- Developer: Disney Interactive
- Publisher: Disney Interactive
- Platforms: Microsoft Windows Apple Macintosh
- Release: US: August 18, 1998;

= The D Show =

1998 video game

The D Show is a 1998 interactive trivia game from Disney Interactive. It was released on August 18, 1998, for Microsoft Windows and Apple Macintosh computers.

==Development and Summary==
The game was showcased at E3 1998. The D Show has more than 540 multiple-choice questions, 450 Disney fact-or-fiction items, more than 150 film clips, 60 bonus rounds in a wide variety of categories, multiplayer capabilities for up to three people or teams, and a theme song.

==Reception==

The Des Moines Register said "As for the family room test, children and adults are winners here. It's a refreshing way to spend quality time."

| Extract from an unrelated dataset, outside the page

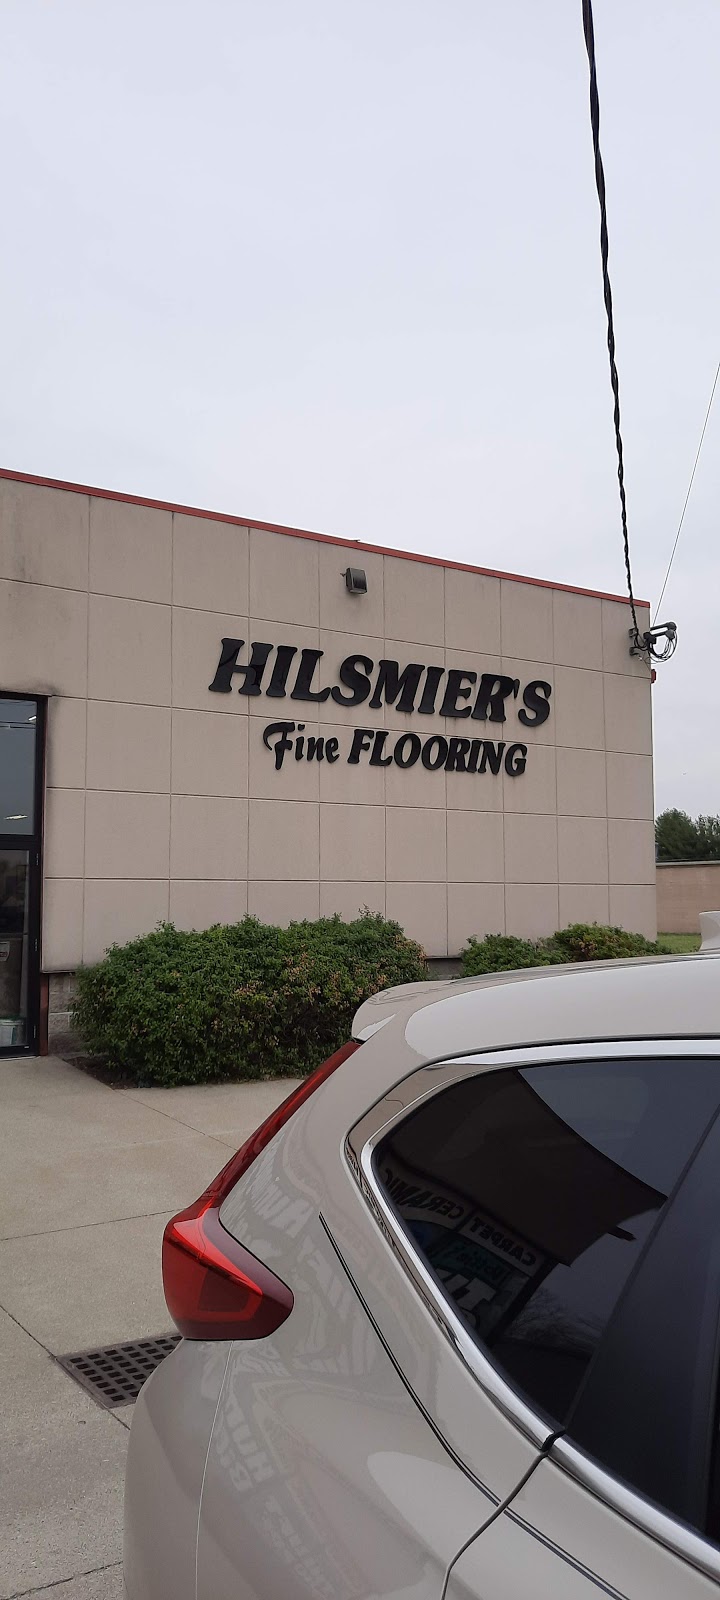 Humongous Bills Carpet Outlet | 4053 Dixie Hwy, Fairfield, OH 45014 | Phone: (513) 868-3445

Marshfield News-Herald said "To enhance the game are 150 video clips from various Disney productions, along with a catchy theme song that players can sing along with as the closing credits roll. In short, "The D Show" is far from a Mickey Mouse game."

MacHome Journal said "Kids who have logged hundreds of hours in front of The Little Mermaid or the Lion King will be rewarded for their time spent, here if nowhere else, making it something that the whole family can play. This is, however, really a title for the Disney lover; regular trivia fans probably won't find enough in here to keep them inspired".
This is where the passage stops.